見到童道靠近,男子眼神凶戾,“看什麽看,滾!”
……
“雲聖,你會乾預我嗎?”童道向白光問道。
“如果我不乾預,現在只會有兩個結果,要麽你走上雲上人的後路,要麽你已經死在那群修士手中。”
“我是說……如果有另一條路。”
“你可以試試,記住,萬死不能退。”
“知道了!”
道童熟練地抄起船槳,朝西南方向劃去。
朱厭說的話,究竟是什麽意思?因為水位上漲,西南方向的路途更短嗎?還是那邊有一些島嶼、高地未被淹沒?
如果此道依舊走不通呢?
雲上人的殘念呢?我不是該繼承他的智慧和本事呢?為什麽我試了這麽多次,每一條都是絕路呢?
星辰漫天,仿佛每一個都是童道心中的疑慮和不堅定。
看到一旁安睡的小孩,童道神色有些黯淡,自己一一次地目睹他慢慢死去,每次都是那麽的無能為力,每一眼都是絕望,就像抱著童善屍體那樣……
八日後,那一老一小的屍體再次冰冷,前方卻依舊是漫漫無際的水域。
這一刹那,童道眼中的一切都清晰明悟起來。
朱厭給他指的路並沒有變短,反而更遠,遠上很多很多,以至於自己都會餓死。所謂的生路就是――吃下這兩具屍體。
而他自己,從一開始就沒這麽多機會去嘗試,也不存在其他破局之法。唯一能選的就是,救,或不救。
小孩的命隻有一條,從自己踏上船的那一刻開始,一切都有了定數。他們毫無準備,認為這一路一帆風順,而當真相浮現時,已經早已經沒了任何操作空間。要麽眼睜睜看他們死去,要麽……犧牲自己。
雲聖對讓他選的路,自然是舍身救人,這條路九死一生。
朱厭前身是仙君,預見幾天之內的“巧合”不是難事。雲聖說在附近幾國布下陣法,往西南應該已經出了大陣范圍。而朱厭則在那邊提前布置,就算自己吃了屍體,走上邪道,他也有把握從雲聖手中把自己救走。
終究是雲聖的手段高了一籌,在此幻境之中,自己沒有走上邪路的機會。
童道把兩具屍體輕輕沉入水中,自己打坐龜息。
……
二十天后,小船帶著生機微弱的童道靠岸。彌留之際,童道再次看到了那團白光,一切又回到原點。
“你之前問我,會不會乾預你,答案是肯定的。今天來有幾件正事還沒乾。”
“你今後的走向我不清楚,究竟要怎麽踐行這一切,我也一直在摸索。”白光中飛出一朵純白的花懸在童道身前。“這朵花是從惡業花中選出的,我動了一些手腳,現在給他取名為‘正善花’,希望能給你一些指引和約束。”

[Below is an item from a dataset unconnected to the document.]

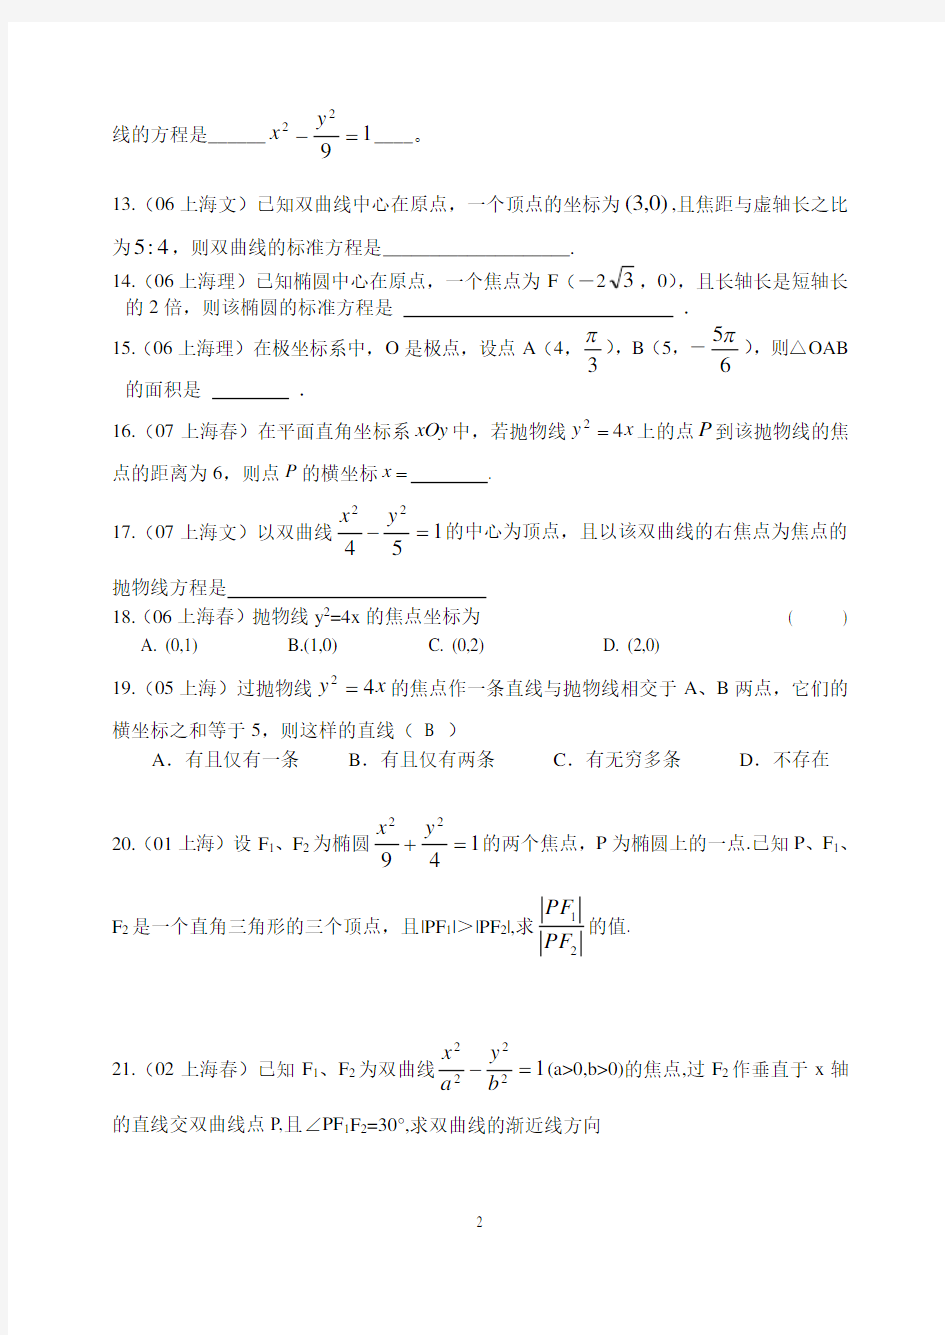 历年上海高考试题(圆锥曲线)
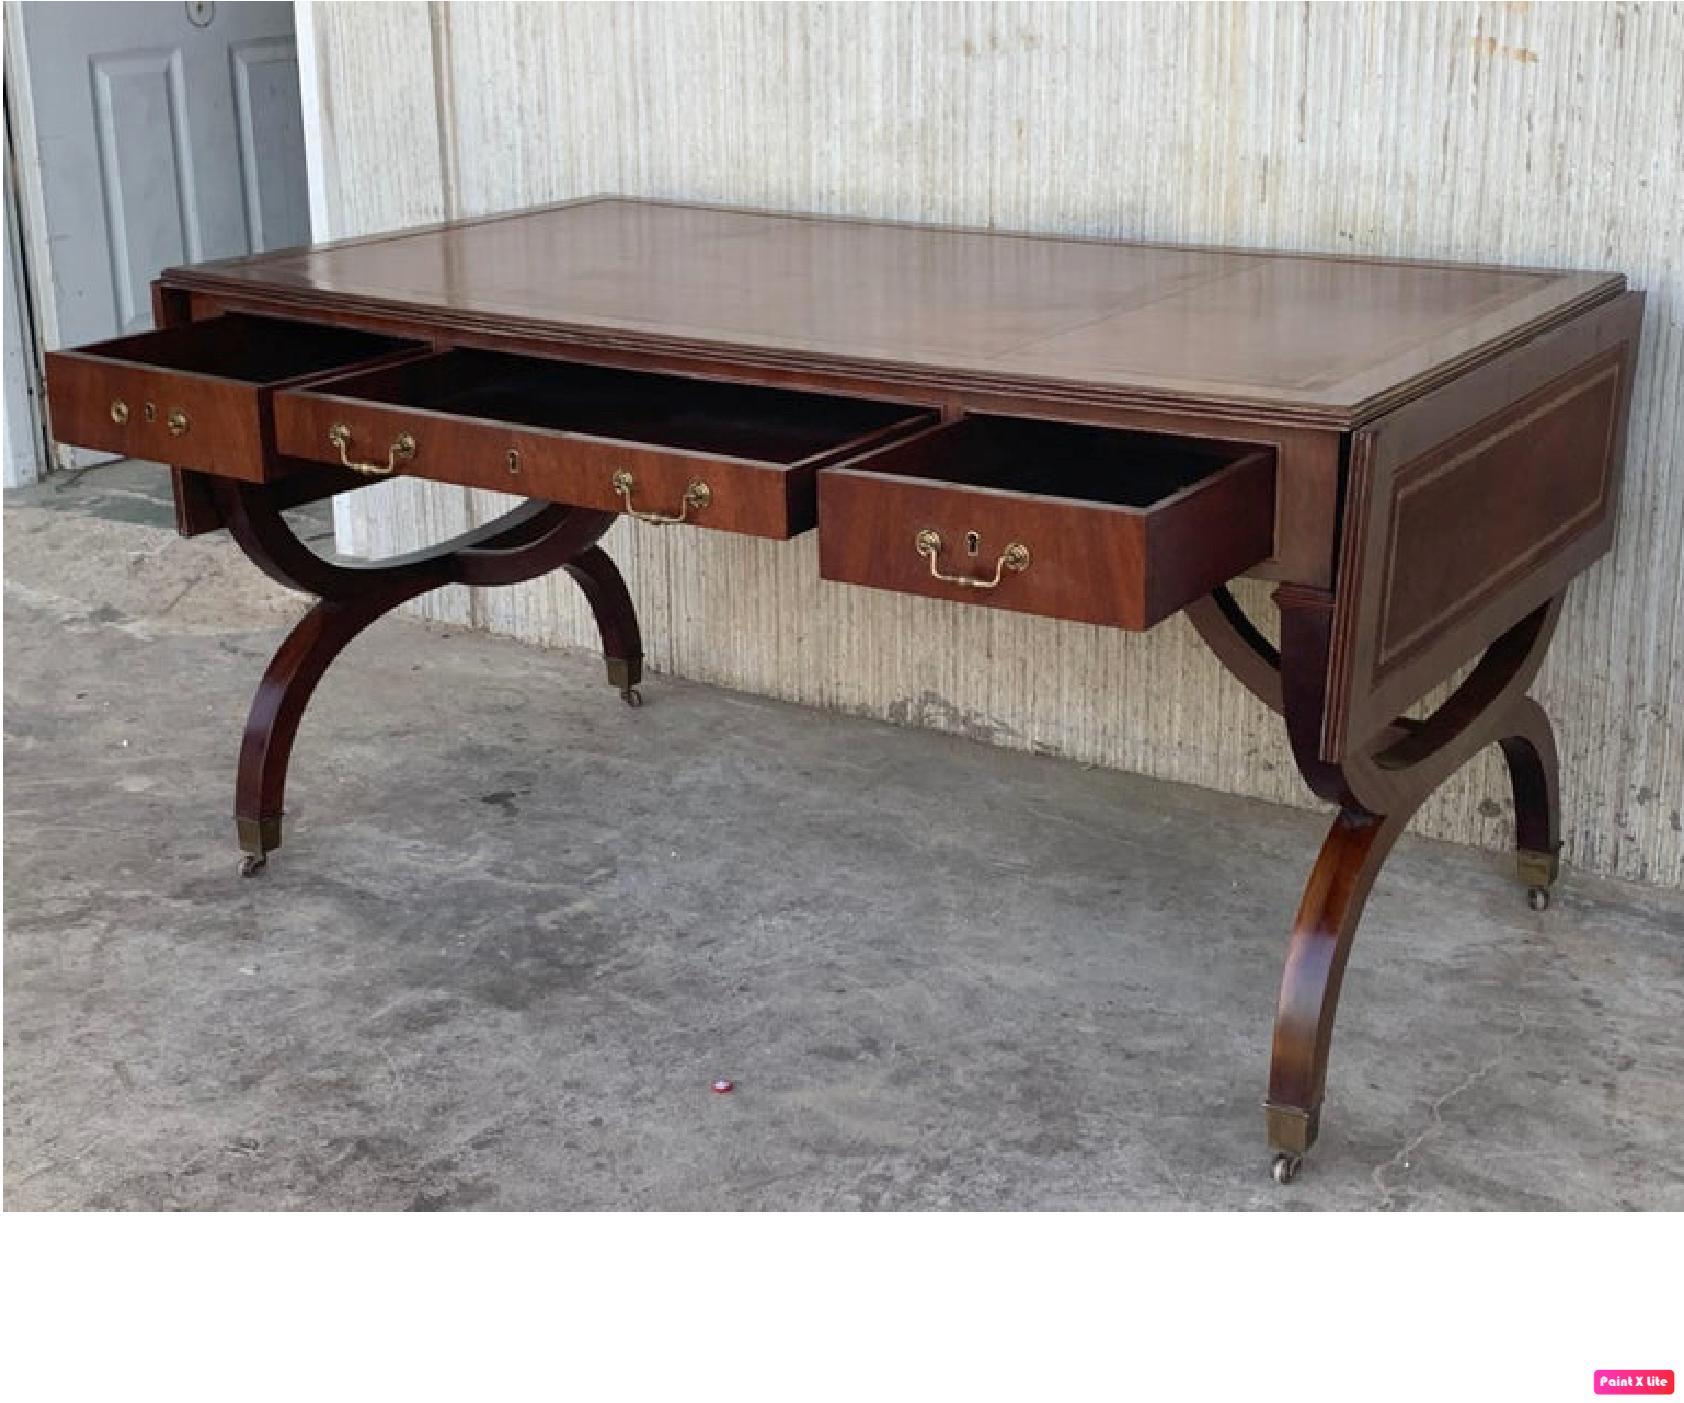 Laiton Superbe table à écrire ou bureau de bibliothèque de style victorien Plateau en cuir Brown Pieds Gillows

童道看了看這朵毫不出彩的白色小花,接過手中。白花一到童道手中,莖乾和枝葉立刻枯萎,花瓣也變得漆黑。
“黑色代表你過去的罪業。果然轉嫁到這具身體上來了。他的顏色和長勢會隨著你的善念和善行變化,等到花開七彩,你便徹底自由了。至於現在,在它恢復白色之前,會靠著吞噬你的壽命而生。”
“所以,我先潛心修行的打算是不行了嗎?”
“你要知道,你可以潛心修行,明哲保身,一步步提升實力。但贖罪這件事,不管你修為到了何種地步,都有登天之難。你一開始便有逃避懈怠之心,一步差,步步差,將來也必定不能傾盡所有。而且你沒有每一次的視而不見、明哲保身,那些苦難便再也無法挽回。”
“我明白。”
“這是惡業花本身的特性,也是對你的督促,免得你退縮懈怠。”
“如果這花死了呢?”
“花死了,一切都結束了,你的,我的,你師父的,所有的努力和希望都將消散。在天地的運轉中,師父留下的痕跡會慢慢被磨平,帶給世間的創傷,也會在往後漫長的時光中自愈。隻是那會很久,很久。那些苦難中的生靈,也等不來你的拯救了。”
童道微微頷首,小心翼翼把花揣入懷中。
“當然,善惡之辯悖論頗多,此花的‘正善’之意隻是我的期望,並不是絕對真理。究竟什麽是好,什麽是壞,很多東西都需要你去體悟和踐行。”
“至於第二件事,是恢復殘念中的記憶。”
“我之前做的夢是真的嗎?”童道指的是雲上人引水灌入地澤一夢。那一夢讓他認為船上發生的一切,都是自己埋下的種子。
“是的,後面一段是我加給你的,但也是事實。”
童道眼中白光微微一閃,卻是什麽都沒有發生。
“好了,師父的記憶會在以後的慢慢蘇醒。”
“為什麽不能一次給我,這樣……”我才能盡快擁有改變這一切的能力呀。
“幾萬年的記憶,你腦子還裝不下。而且這段一旦全部複蘇,會立刻在你腦中佔據主導地位,你和被奪舍了沒有任何區別。”
“懂了。”童道點點頭。
“剛才做得不錯。”
“?”童道用眉毛和眼神表達疑惑。
“我是說你把屍體沉入水中。”
得到了雲聖的誇獎,童道心情依舊無比沉重,小男孩絕望的眼神依舊歷歷在目。
“雖然你認為自己足夠堅定,任何情況都不會做出吃人的事,哪怕是幻境、哪怕是屍體、哪怕你會餓死, 那是你的底限。但你還是讓他沉水了,你不給自己觸碰的底限的機會。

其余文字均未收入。